Oh, you *do* want to change the my variable!  Okay.  No, I don't think
there's any good way of doing that... well, for one thing, once you call
another sub there's no way for that sub to modify any my variables in the
calling sub.  Think of my variables like automatic variables in C; they're
local to a particular scope or anything enclosed in it.

The only way that I can think of to do this is a really ugly hack; read
the entirety of the file into memory as a string and then call eval on
that string in the scope where you want to modify variables.  That will
execute the code as if it were inlined into that spot in the sub that
calls eval, which will let it modify my variables and pretty much anything
else.

> Russ> is that you're using it inside the code block of a map or grep,
> Russ> so it *is* in a scalar context.

> OK.  What can I do to tell it its an array context?

Actually, I think I was completely wrong there; map *does* provide an
array context to the code block.  That's not the problem; the problem is
that chop just doesn't return its argument.  It modifies its argument and
returns the character that was removed.

> Russ> What you want in this case so far as I can tell is to grap all
> Russ> of the patterns in @patterns beginning with "forbid:" (or
> Russ> "allow:") and store them in a variable, separated by |, with the
> Russ> prefix removed.  Try:

> Russ> my $forbidden = join ('|', map { /^forbid:(.*)/ } @patterns) || "^\$";

> Hm, I had not realized either I could use $1...  Thanks!

Note that this isn't really using $1, in the sense of using the Perl $1
variable.  It's actually using the return value of the m// match
expression, which in list context is a list containing all of the
parentheses matches found in the regex (or if there are no parentheses in
the regex, the text that the regex matches).  It so happens that in this
case $1 and the return value of m// are *mostly* the same (but with one
exception; see below).

> I have one last question.  The documentation for map says:

>        map BLOCK LIST
>        map EXPR,LIST
>                [...]  Evalu­
>                ates BLOCK or EXPR in list context, so each ele­
>                ment of LIST may produce zero, one, or more ele­
>                ments in the returned value.

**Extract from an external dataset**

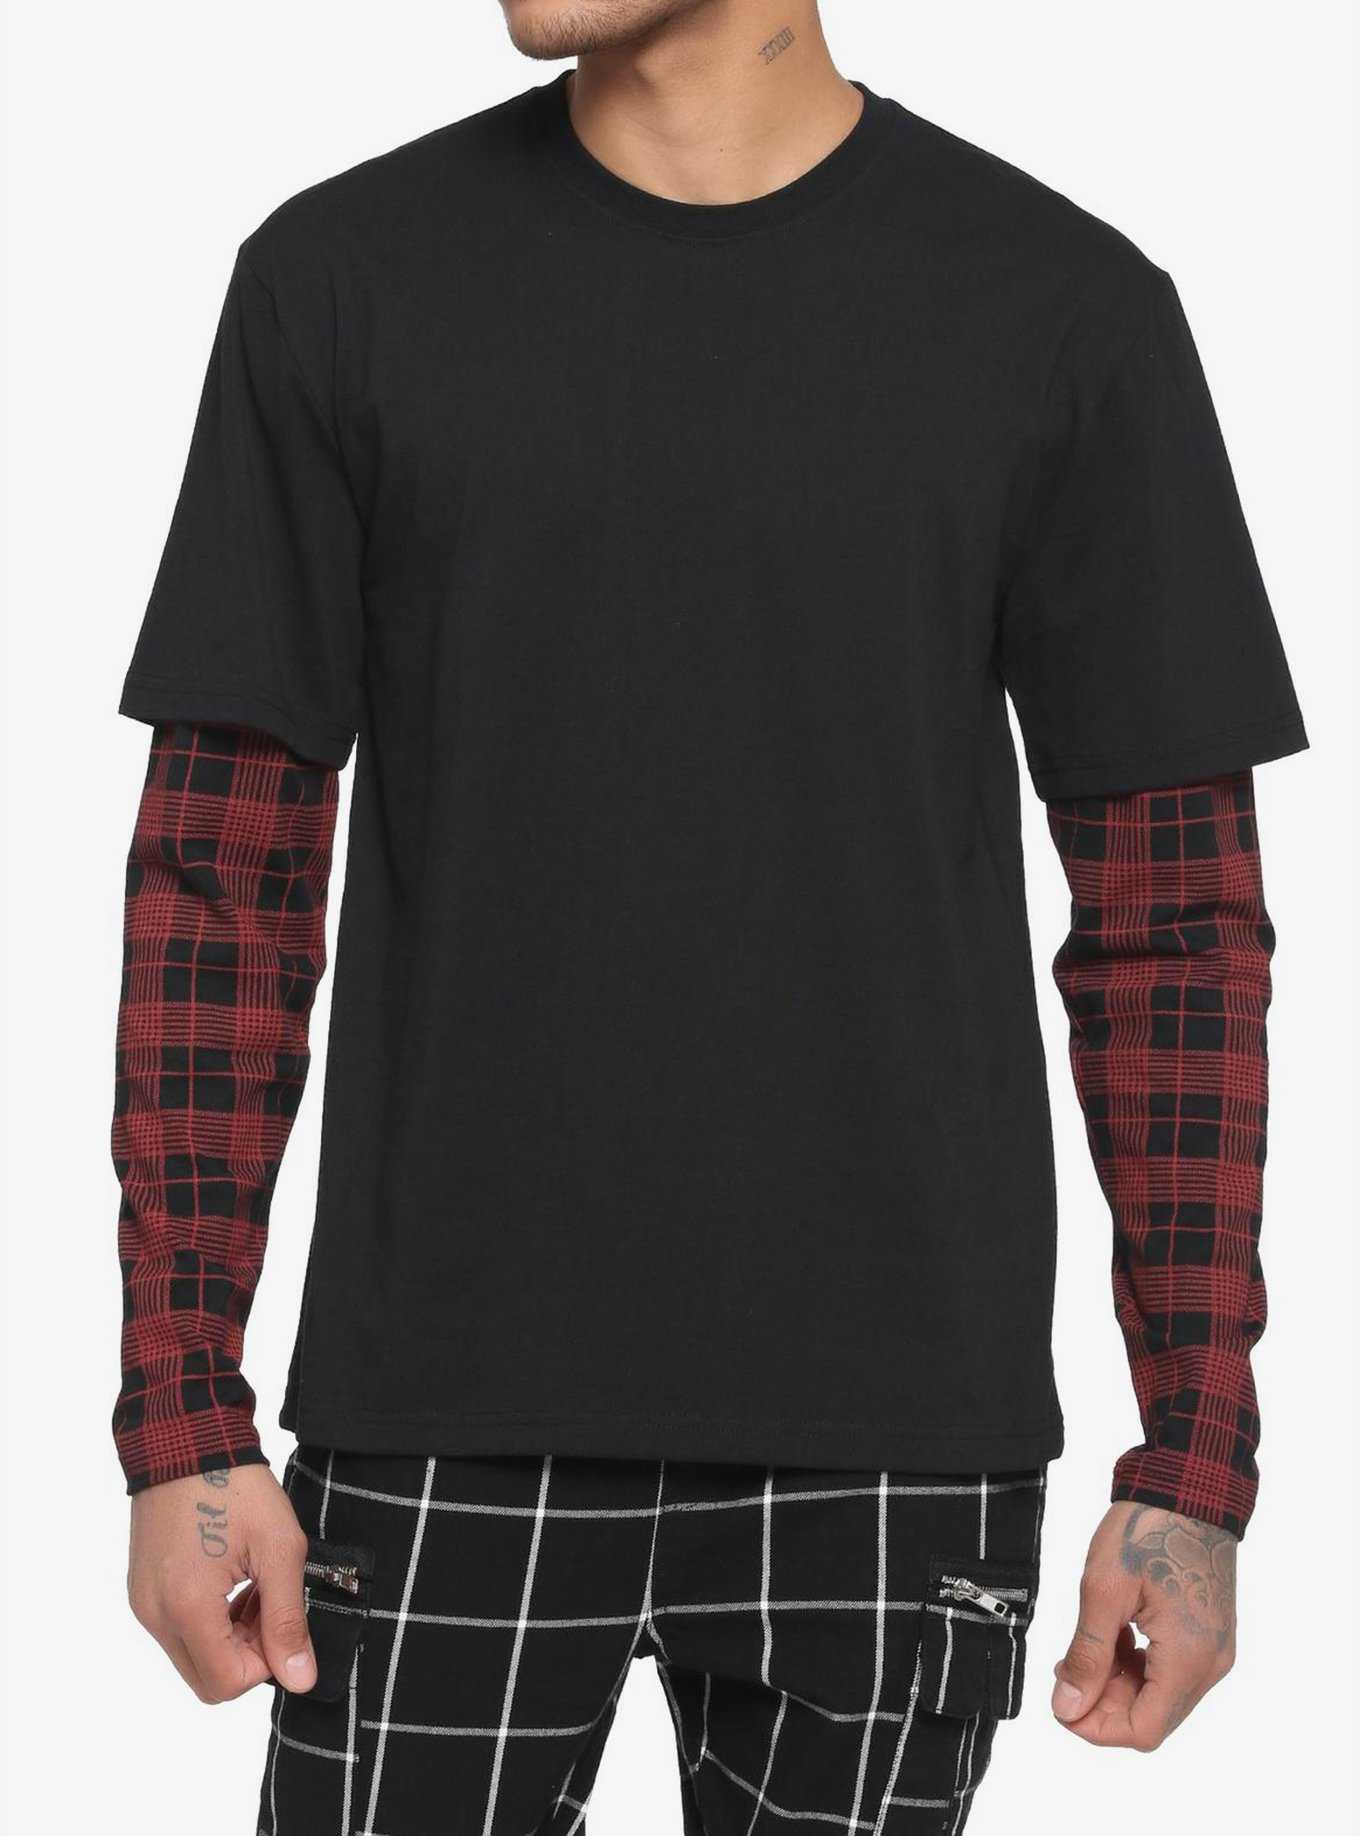 Black & Red Plaid Sleeve Twofer Long-Sleeve T-Shirt, , hi-res

> and I just don't know how to return 0 elements.  I tried this, without
> success:

Return an empty list.

This is an obscure corner of Perl, but basically Perl flattens lists.  So,
for example, if you assign something in list context like this:

    @list = (1, 2, (), 3, 4, (), 5);

with empty lists in it, the empty lists disappear:

windlord:~> perl -e '@list = (1, 2, (), 3, 4, (), 5); print "@list: $#list\n"'
1 2 3 4 5: 4

Note that there's five elements in the resulting list, and it's just as if
the empty lists didn't exist.  This is just a special case of general list
flattening; consider:

windlord:~> perl -e '@list = (1, 2, (3, 4), 5); print "@list: $#list\n"'
1 2 3 4 5: 4

So to return nothing from a map block, return ().  That's the reason why
this doesn't work:

> my @list = ('0: even', '1: odd', '2: even', '3: odd');

> my @evens = map { $1 if m/(\d): even/ } @list;
> my @odds  = map { $1 if m/(\d): odd/  } @list;

Here, you're no longer returning the value of m//; you're returning the
value of the scalar variable $1.  $1 is going to either contain a match or
will be undef, which join will turn into the empty string.  That's not
what you want, though; you don't want a list that contains a few undefs,
but instead you want the items that don't match to just disappear.  This
is where the return value of m// comes in handy; because it returns a list
of the matching parens, when the pattern doesn't match it returns an empty
list which then does exactly what you want.